In a 2-0 vote Friday, Chair Randy Iwase and Commissioner Lorraine Akiba dismissed the application without prejudice. Commissioner Tom Gorak, whose recent appointment has drawn criticism, abstained from voting, but he expressed his full support for the decision.
The decision comes nearly 20 months after Hawaiian Electric Industries CEO Connie Lau announced that the two companies had agreed to one of the biggest business deals in Hawaii history.
The deal would have placed the HEI-owned utilities for Oahu, Maui and the Big Island under the control of one of the country’s largest power companies. It was also slated to result in the spinning off of American Savings Bank, which is owned by HEI.
What ensued since December 2014 was a series of public meetings, a lengthy evidentiary hearing, elaborate campaigns for and against the merger and tens of thousands of pages of testimony for state energy regulators to consider.
The commissioners based their decision on two standards of review: whether the application was reasonable and in the public interest; and if the acquiring utility was fit, willing and able to perform the service currently offered.
The commission concluded that NextEra was indeed fit to do the job. But regulators had five fundamental areas of concern: benefits to ratepayers; risks to ratepayers; applicants’ clean energy commitments; the proposal’s effect on local governance; and the proposal’s effect on competition in local energy markets.
“We are in receipt of today’s PUC order and are currently reviewing it,” NextEra and Hawaiian Electric officials said in a joint statement.
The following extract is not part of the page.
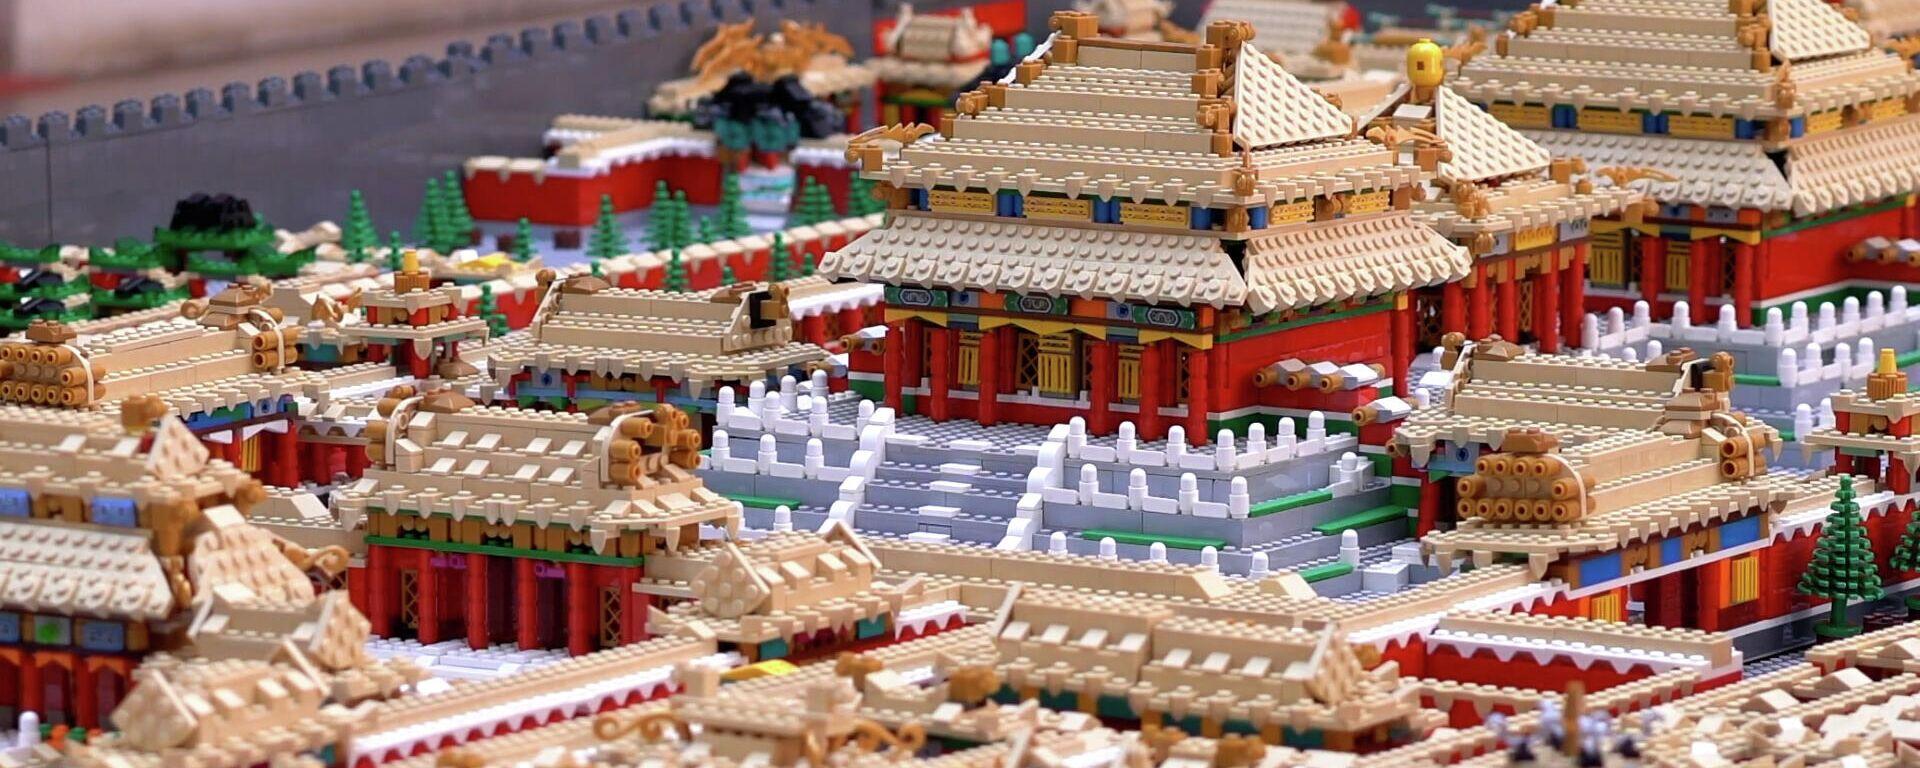 Φανατικός των LEGO κατασκευάζει μοντέλο 700.000 τεμαχίων της Απαγορευμένης Πόλης της Κίνας - Sputnik Ελλάδα, 1920, 03.08.2021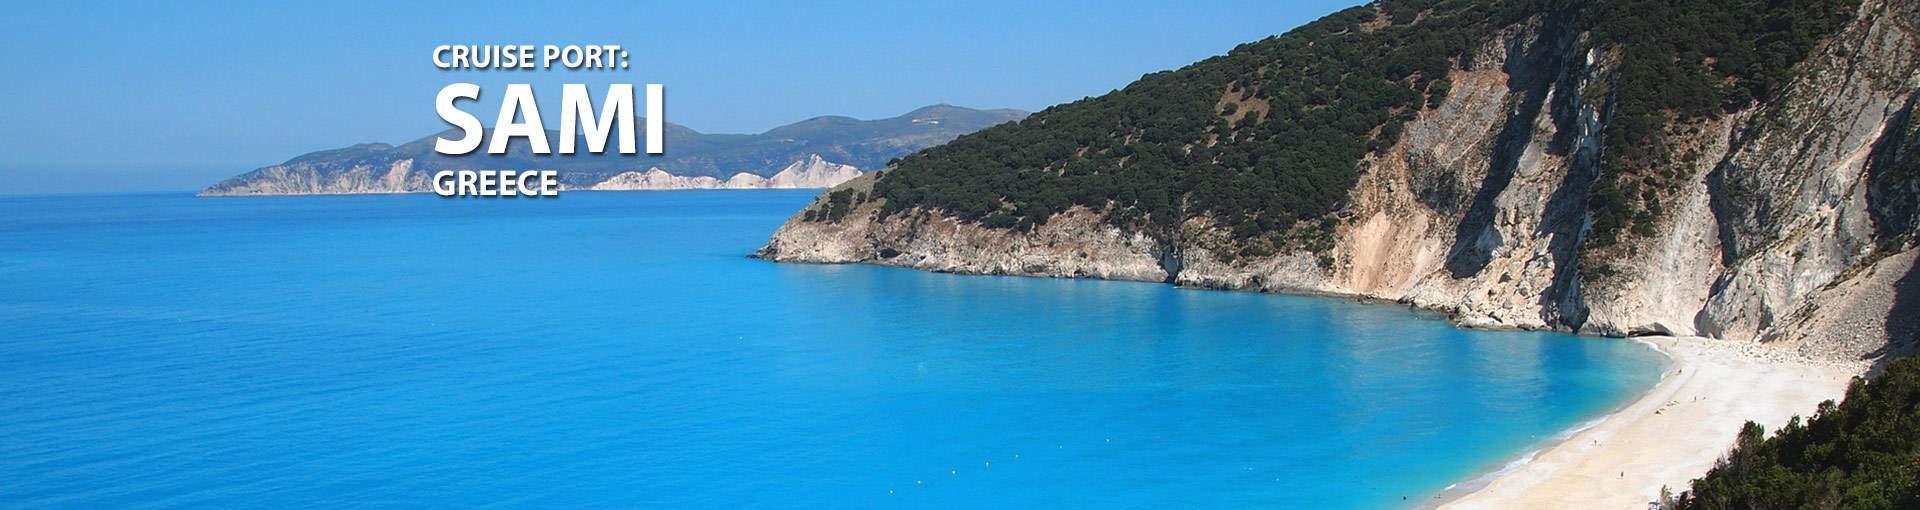 Sami, Greece Cruise Port

They did not elaborate.
Critics of the merger were quick to applaud the commission’s decision.
“NextEra made this a no-brainer,” said Isaac Moriwake, staff attorney for Earthjustice, one of nearly two dozen intervening parties in the case.
“Outright rejection of the takeover was the only realistic option. NextEra refused to provide its plans for Hawaii, other than to give us a ‘bigger HECO,'” he said. “Based on its opposition to clean energy in Florida and failure to chart a different path in this state, NextEra is not what Hawaii wants or needs.”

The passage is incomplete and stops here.